The eternal wanderers: Sephardic Jewish genetics and culture
How the scattering of the Sephardim influenced Jews across the world
Give me your tired, your poor,
Your huddled masses yearning to breathe free,
The wretched refuse of your teeming shore.
Send these, the homeless, tempest-tost to me,
I lift my lamp beside the golden door!
- The New Colossus, Emma Lazarus
Millions of Americans can still summon some of these lines from the poem The New Colossus that graces a plaque at the Statue of Liberty’s foot. The passage captures something stirring about the nature of American society, and the sorts of people that streamed to these shores for centuries, fleeing persecution and poverty.
Maybe less well-known is their author, Emma Lazarus. Her ancestors arrived in what became New York City, long before there were these United States and 195 years before Lazarus’ own birth in 1849. Her forebears were themselves refugees, fleeing war and the inquisition in the Portuguese-ruled city of Recife, in modern-day Brazil.
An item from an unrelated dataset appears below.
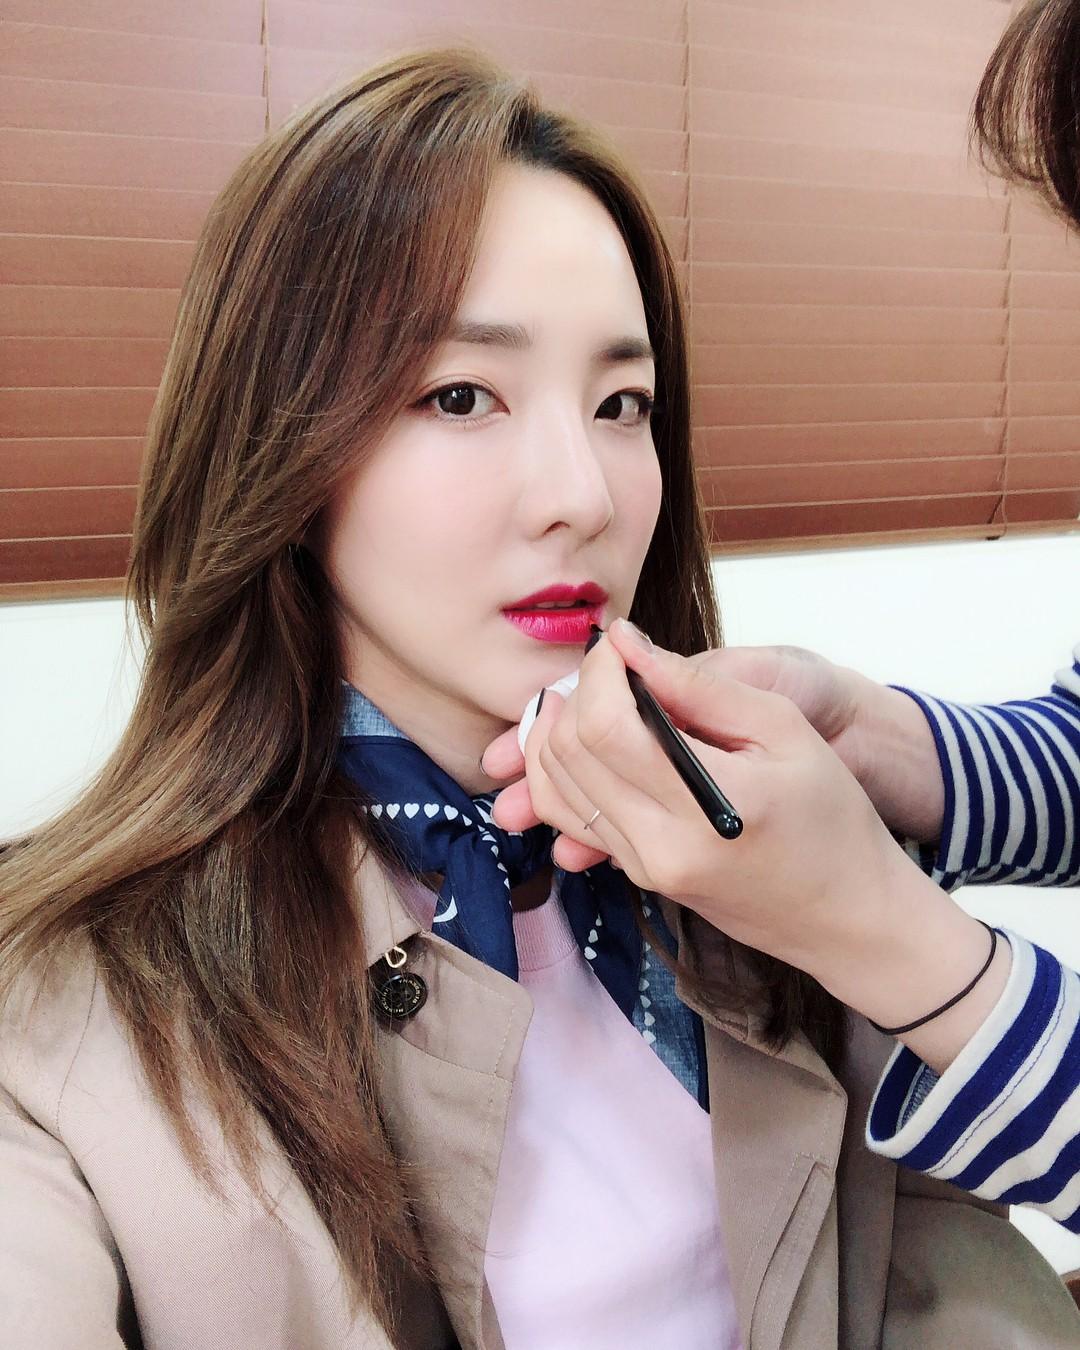 Không ngờ người đẹp không tuổi Dara U40 lại có cách níu giữ tuổi xuân đơn giản đến vậy - Ảnh 6.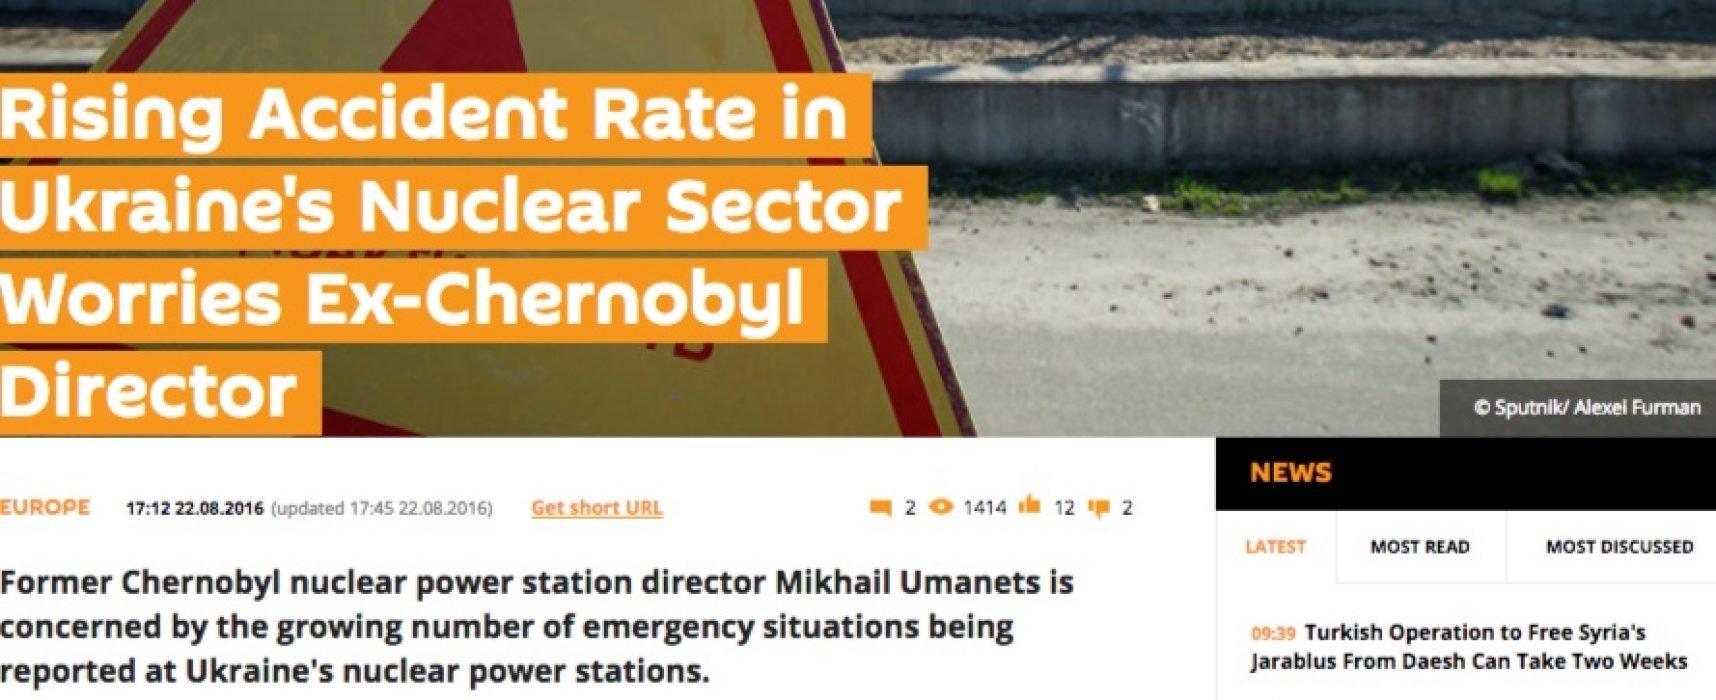 Фейк: Коллапс атомной энергетики в Украине

That city had been ruled by the Dutch for a generation and attracted an influx of settlers from the Netherlands. But the handful of Portuguese Jews from Amsterdam who had arrived to make their fortune in the New World found themselves under the rule of Portugal again when Recife fell and were given the choice between exile or converting to Christianity. Rather than staying, the small Jewish community fled to the nearest large city still under Dutch rule in the New World: New Amsterdam. And ten years later when the English took over and renamed it New York City, they stayed on.